Task instructions: Pictures excluded, reproduce exactly the lines below from the one with "Yale boathouse, Thames" through the one with "FILE - This", both included.

Exercise materials:
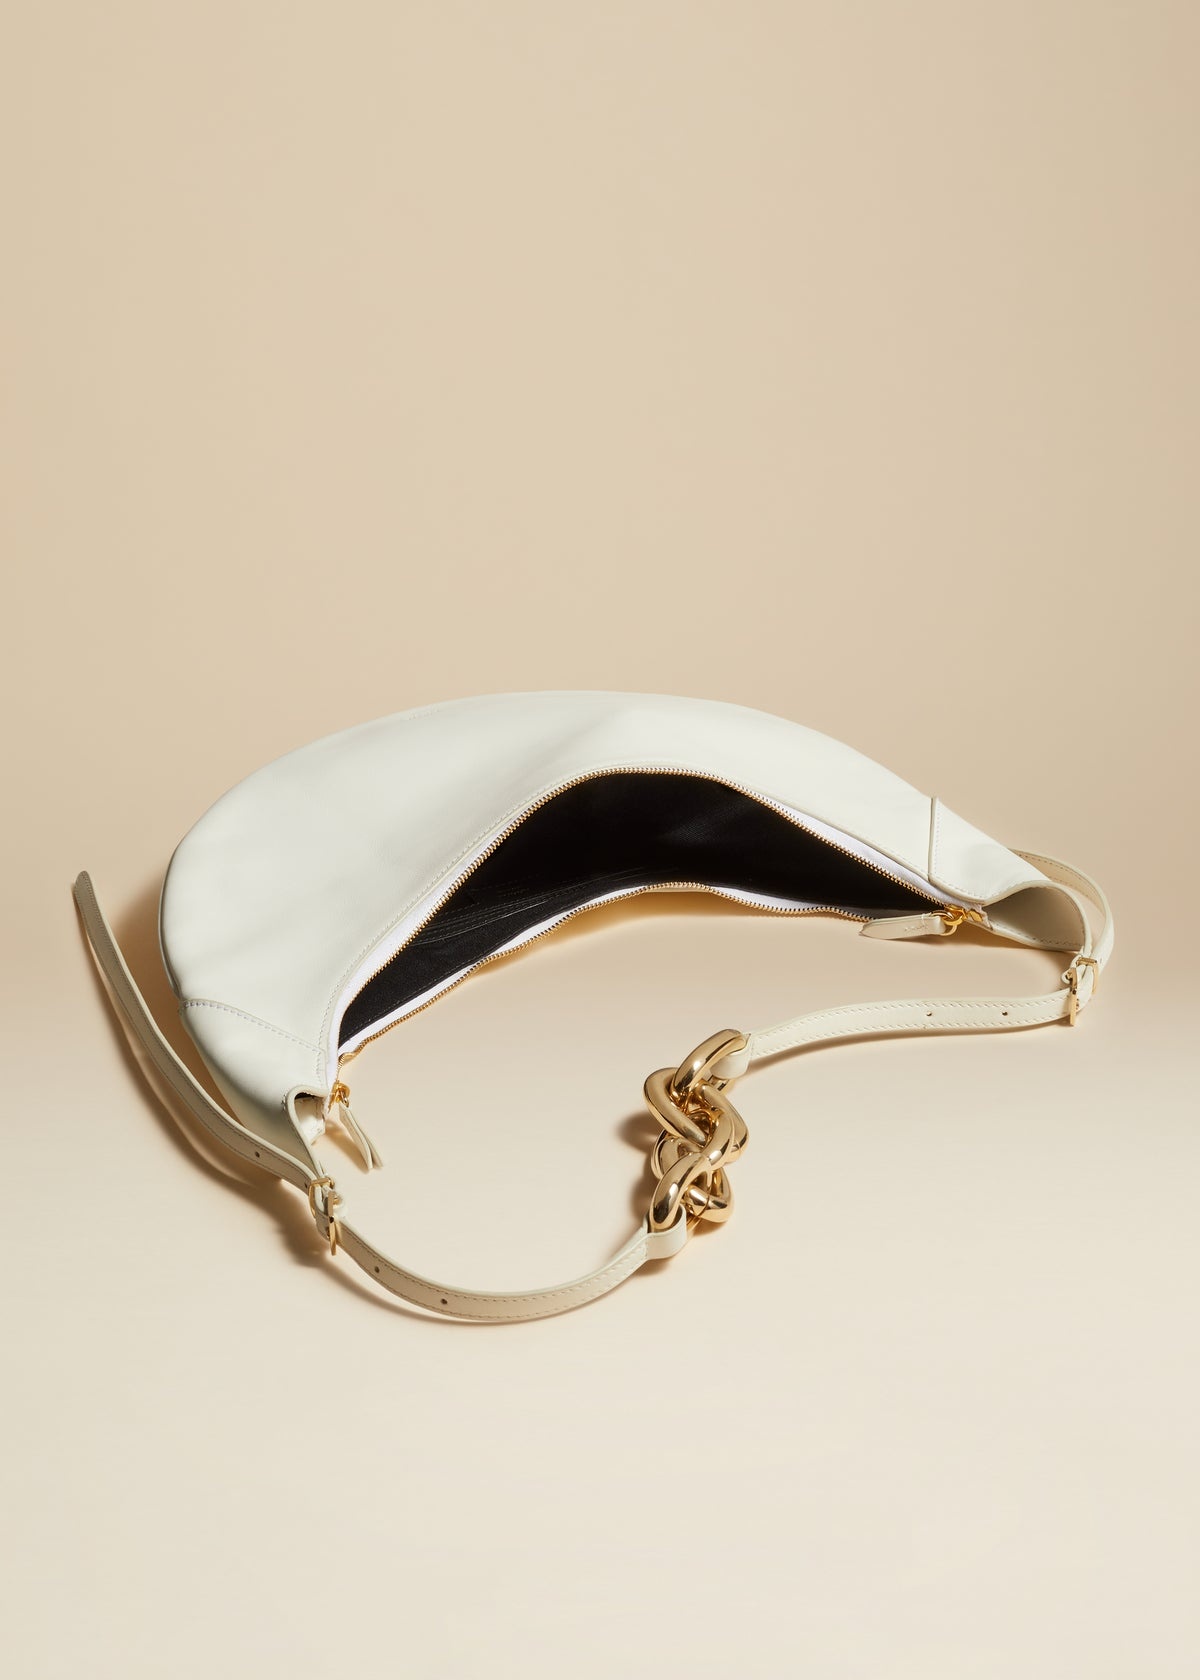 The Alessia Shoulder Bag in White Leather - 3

* * *

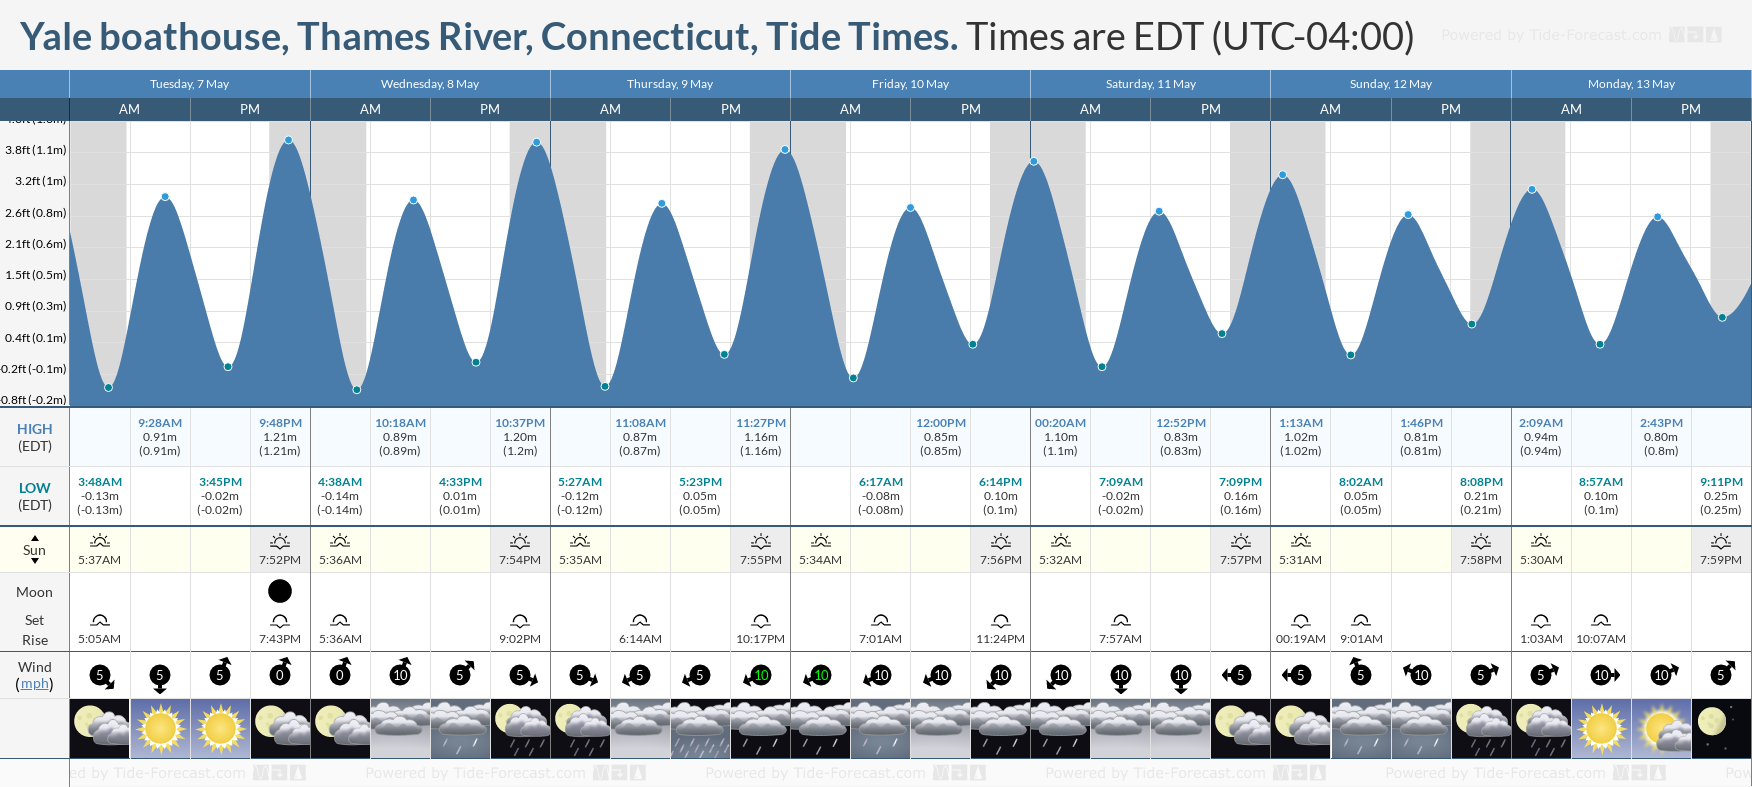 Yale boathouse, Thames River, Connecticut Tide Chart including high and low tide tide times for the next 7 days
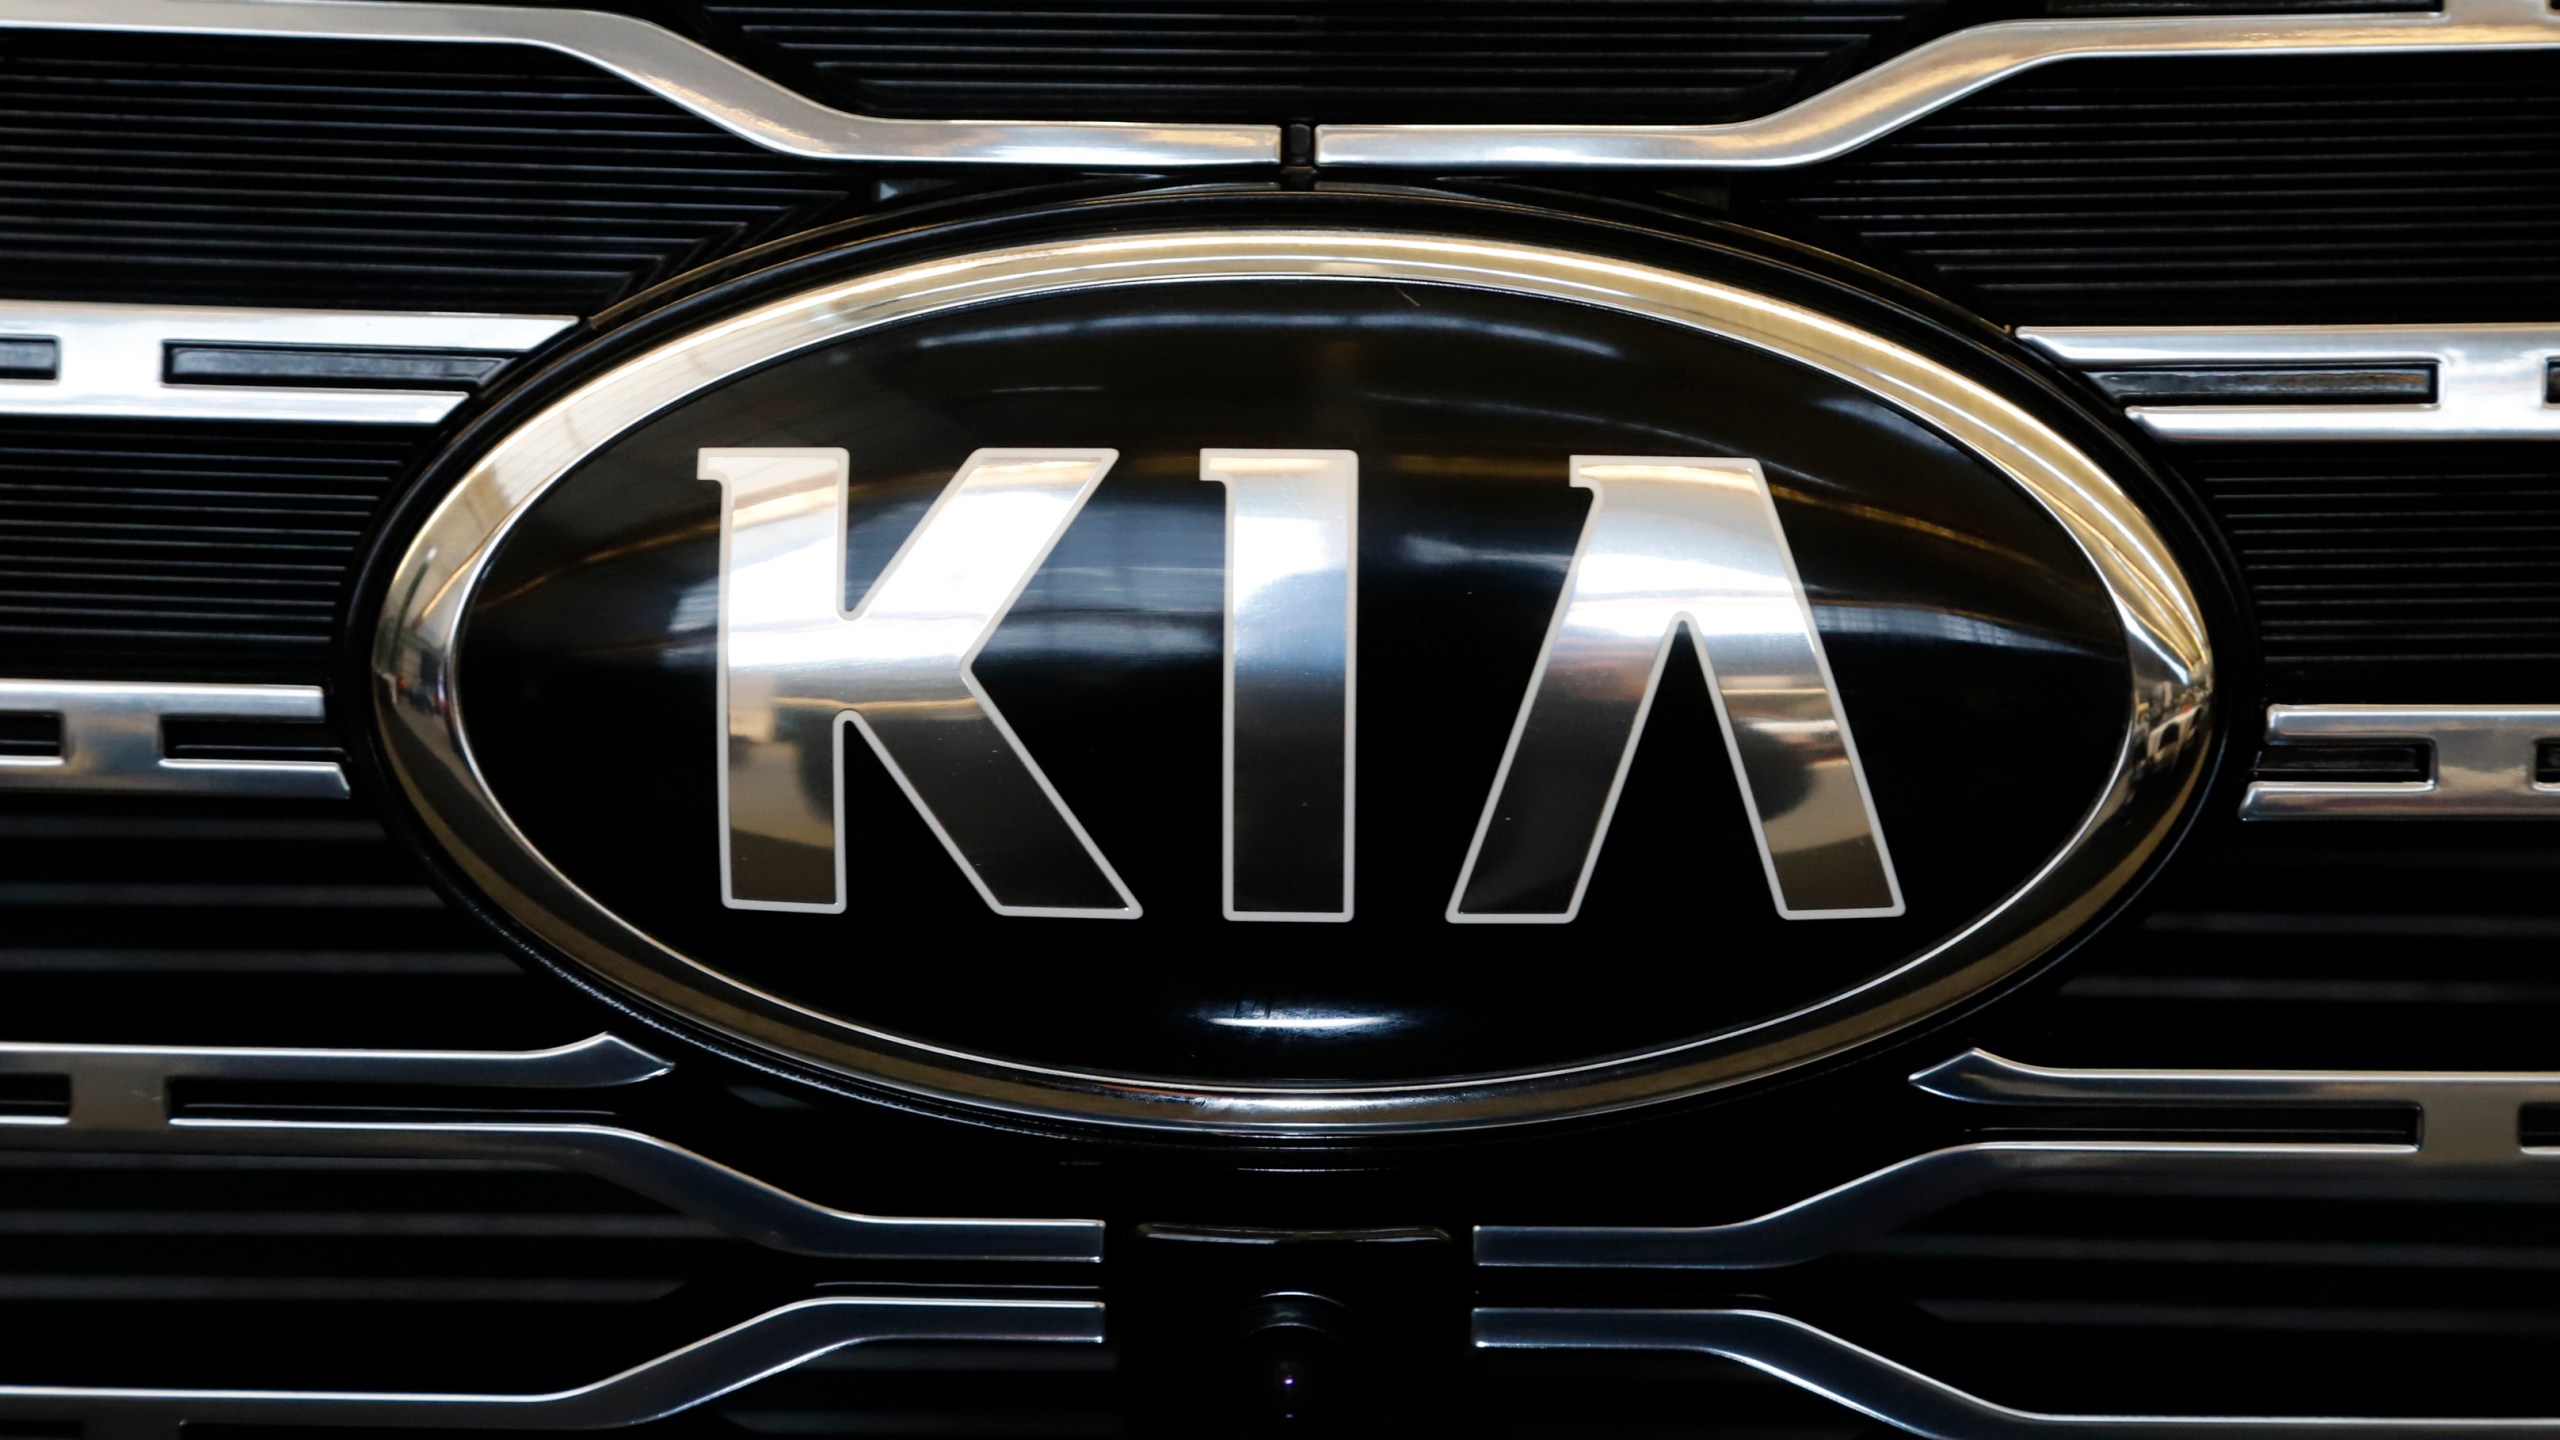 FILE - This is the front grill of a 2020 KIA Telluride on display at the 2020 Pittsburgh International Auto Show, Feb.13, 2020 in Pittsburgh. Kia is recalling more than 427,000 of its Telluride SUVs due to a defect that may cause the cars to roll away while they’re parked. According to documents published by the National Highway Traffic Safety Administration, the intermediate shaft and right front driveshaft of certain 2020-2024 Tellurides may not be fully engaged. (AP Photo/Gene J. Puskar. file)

Reply to the task:
 Yale boathouse, Thames River, Connecticut Tide Chart including high and low tide tide times for the next 7 days
 FILE - This is the front grill of a 2020 KIA Telluride on display at the 2020 Pittsburgh International Auto Show, Feb.13, 2020 in Pittsburgh. Kia is recalling more than 427,000 of its Telluride SUVs due to a defect that may cause the cars to roll away while they’re parked. According to documents published by the National Highway Traffic Safety Administration, the intermediate shaft and right front driveshaft of certain 2020-2024 Tellurides may not be fully engaged. (AP Photo/Gene J. Puskar. file)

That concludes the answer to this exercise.